Department of Oncology, Istituto Scientifico San Raffaele, Milan, Italy.
Clin Cancer Res. 2011 Apr 1;17(7):1964-72. doi: 10.1158/1078-0432.CCR-10-1376. Epub 2011 Feb 9.
NGR-hTNF exploits the tumor-homing peptide asparagine-glycine-arginine (NGR) for selectively targeting TNF-α to an aminopeptidase N overexpressed on cancer endothelial cells. Preclinical synergism with cisplatin was displayed even at low doses. This study primarily aimed to explore the safety of low-dose NGR-hTNF combined with cisplatin in resistant/refractory malignancies. Secondary aims included pharmacokinetics (PKs), pharmacodynamics, and activity.
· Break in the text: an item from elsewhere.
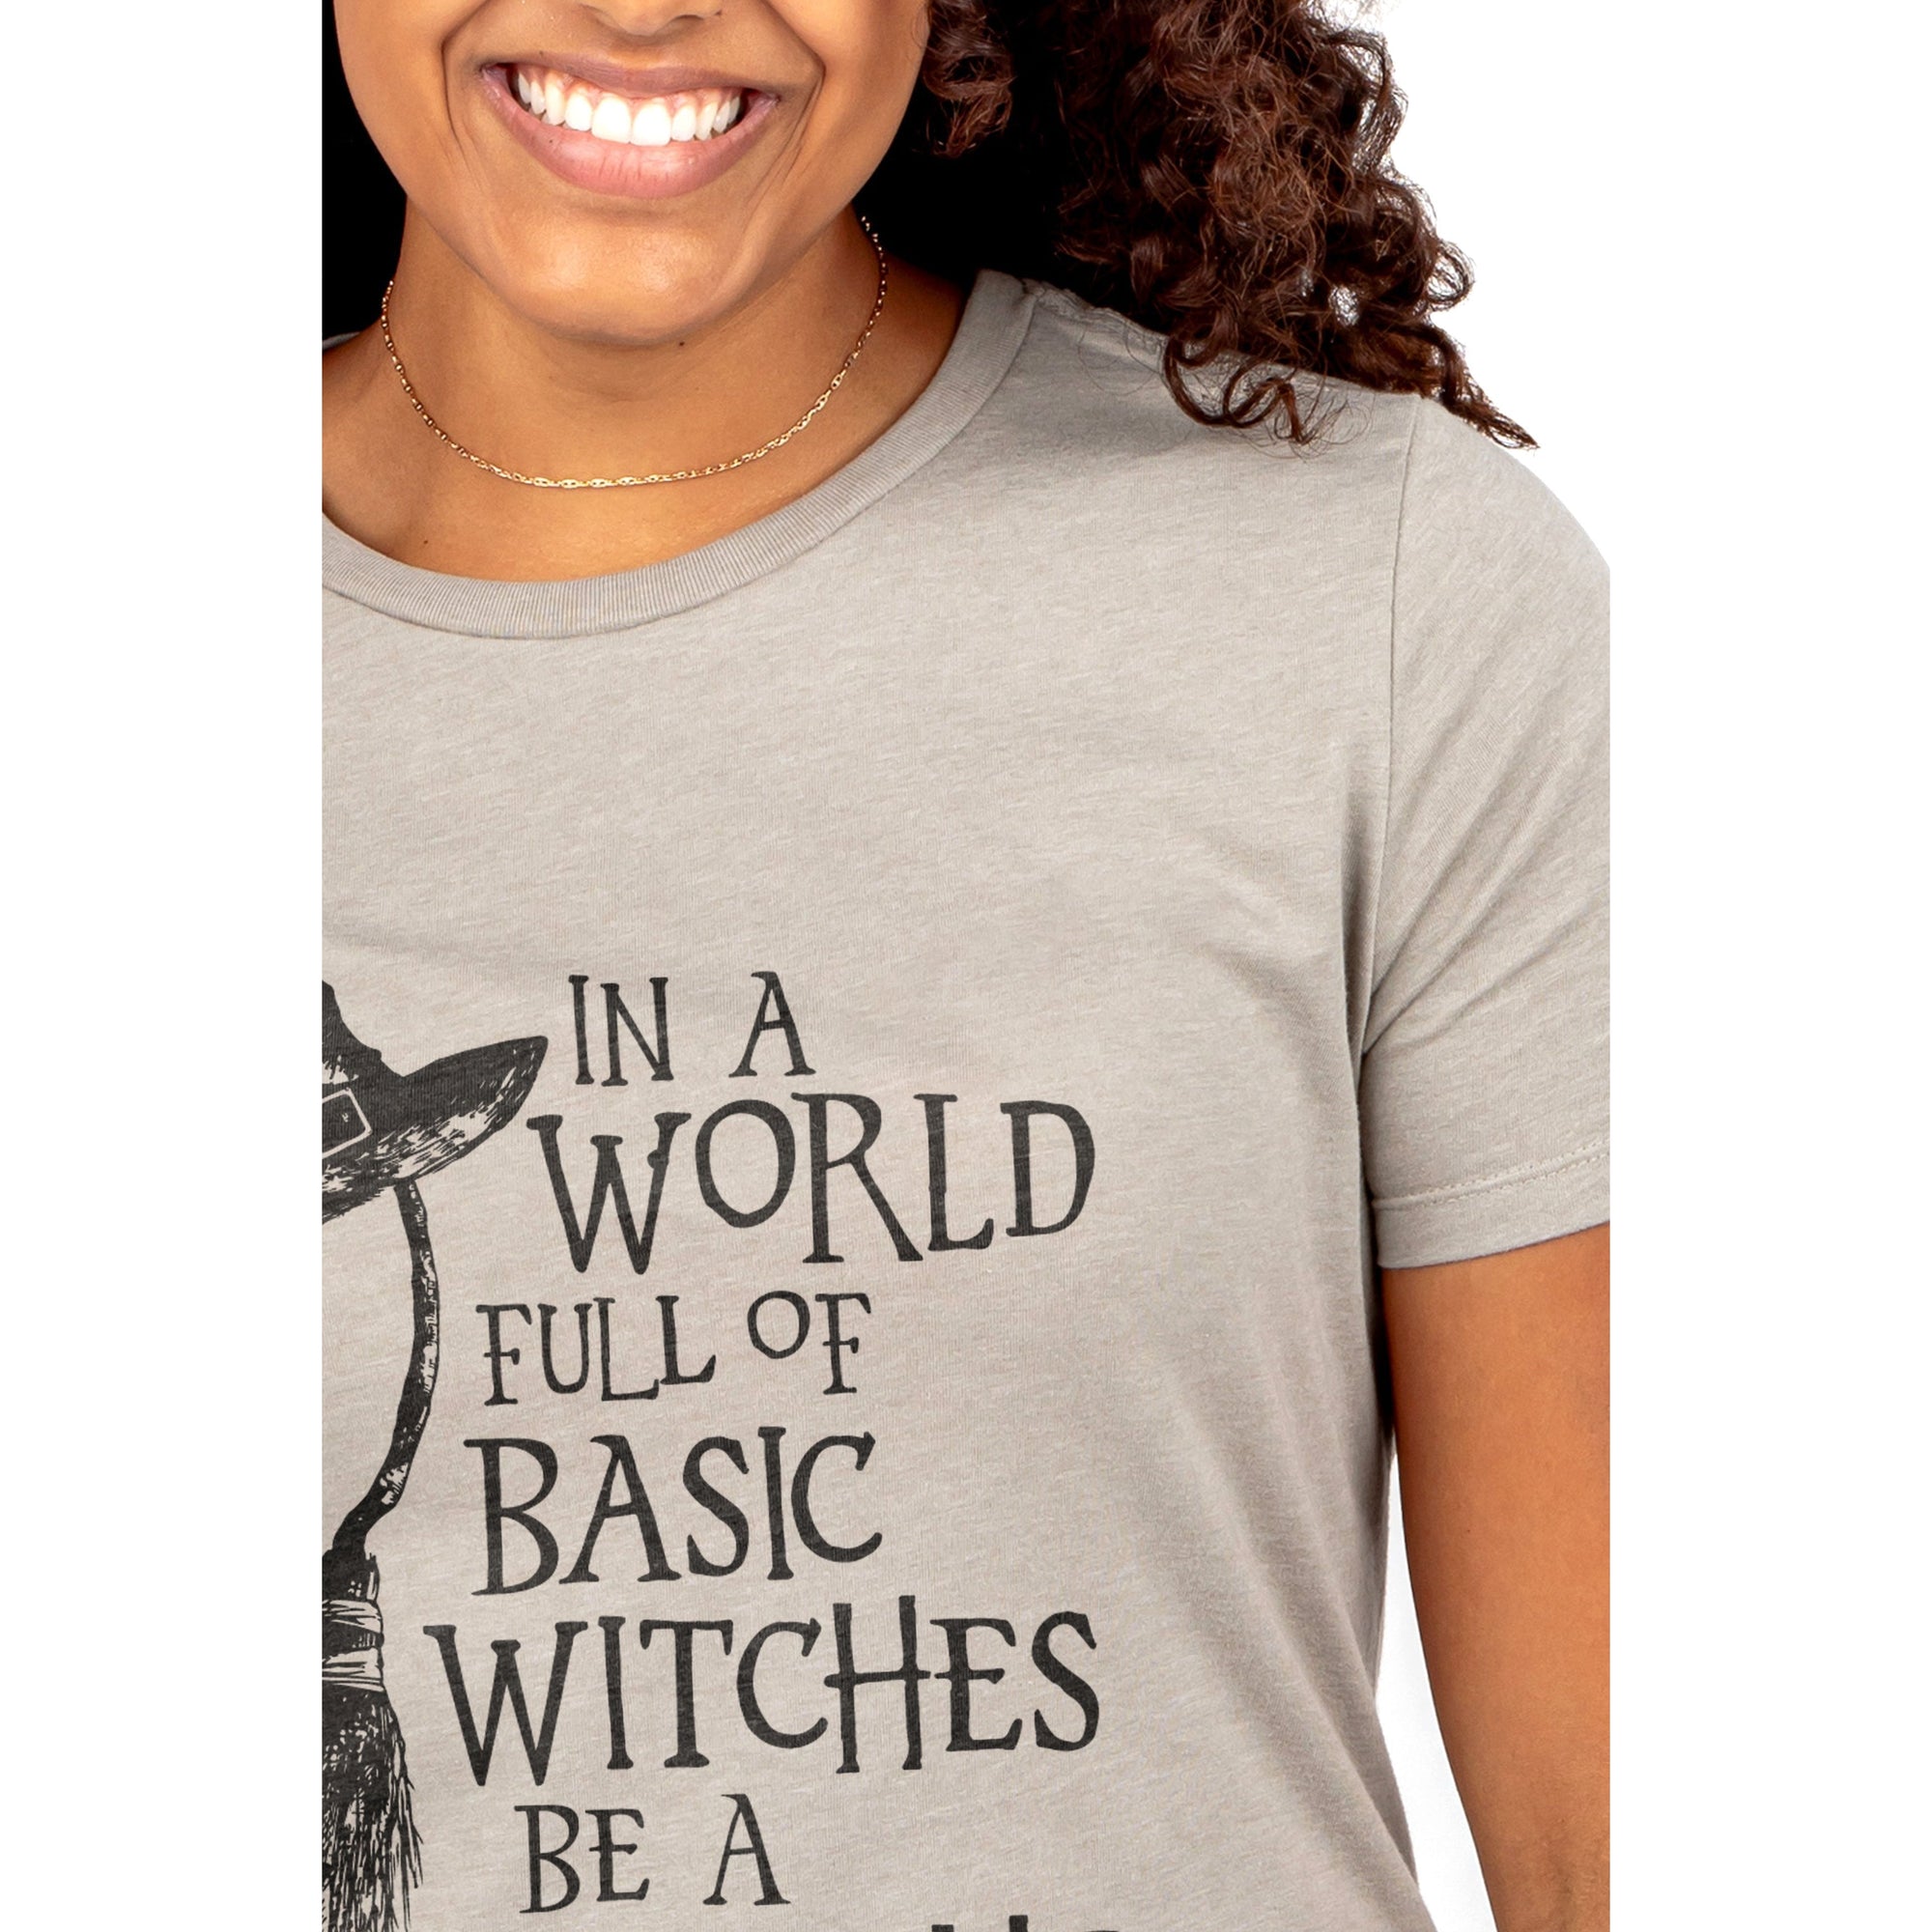 Basic Witches Be A Samantha

NGR-hTNF was escalated using a doubling-dose scheme (0.2-0.4-0.8-1.6 μg/m(2)) in combination with fixed-dose of cisplatin (80 mg/m(2)), both given intravenously once every three weeks. PKs and circulating TNF-receptors (sTNF-Rs) were assessed over the first three cycles.
Globally, 22 patients (12 pretreated with platinum) received a range of one to ten cycles. Consistently with the low-dose range tested, maximum-tolerated dose was not reached. No dose-limiting toxicities (DLTs) were observed at 0.2 (n = 4) and 0.4 μg/m(2) (n = 3). One DLT (grade 3 infusion-related reaction) was observed at 0.8 μg/m(2). This dose cohort was expanded to six patients without further DLTs. No DLTs were noted also at 1.6 μg/m(2) (n = 3). NGR-hTNF exposure increased dose-proportionally without apparent PK interactions with cisplatin. No shedding of sTNF-Rs was detected up to 0.8 μg/m(2). At the dose level of 0.8 μg/m(2), expanded to 12 patients for activity assessment, a platinum-pretreated lung cancer patient achieved a partial response lasting more than six months and five patients maintained stable disease for a median time of 5.9 months.
The combination of NGR-hTNF 0.8 μg/m(2) with cisplatin 80 mg/m(2) showed favorable toxicity profile and promising antitumor activity.
NGR-hTNF 利用肿瘤归巢肽天冬酰胺-甘氨酸-精氨酸(NGR)选择性地将 TNF-α靶向到在癌细胞内皮细胞上过表达的氨基肽酶 N。即使在低剂量下,也显示出与顺铂的协同作用。本研究主要旨在探索低剂量 NGR-hTNF 联合顺铂治疗耐药/难治性恶性肿瘤的安全性。次要目的包括药代动力学(PKs)、药效学和活性。
采用倍增剂量方案(0.2-0.4-0.8-1.6μg/m²),联合固定剂量顺铂(80mg/m²),每三周静脉注射一次,递增 NGR-hTNF。在前三轮周期中评估 PKs 和循环 TNF 受体(sTNF-Rs)。
全球共有 22 名患者(12 名曾接受过铂类治疗)接受了 1 至 10 个周期的治疗。与测试的低剂量范围一致,未达到最大耐受剂量。在 0.2μg/m²(n=4)和 0.4μg/m²(n=3)未观察到剂量限制性毒性(DLTs)。在 0.8μg/m² 观察到 1 例 DLT(3 级输注相关反应)。该剂量组扩大至 6 例患者,无进一步 DLT。在 1.6μg/m²(n=3)也未观察到 DLT。NGR-hTNF 暴露呈剂量比例增加,与顺铂无明显 PK 相互作用。在 0.8μg/m² 及以下水平未检测到 sTNF-Rs 的脱落。在 0.8μg/m² 的剂量水平下,扩展至 12 名患者进行活性评估,一名铂类预处理的肺癌患者获得了持续超过 6 个月的部分缓解,5 名患者的疾病稳定中位数时间为 5.9 个月。
NGR-hTNF 0.8μg/m² 联合顺铂 80mg/m² 显示出良好的毒性特征和有前途的抗肿瘤活性。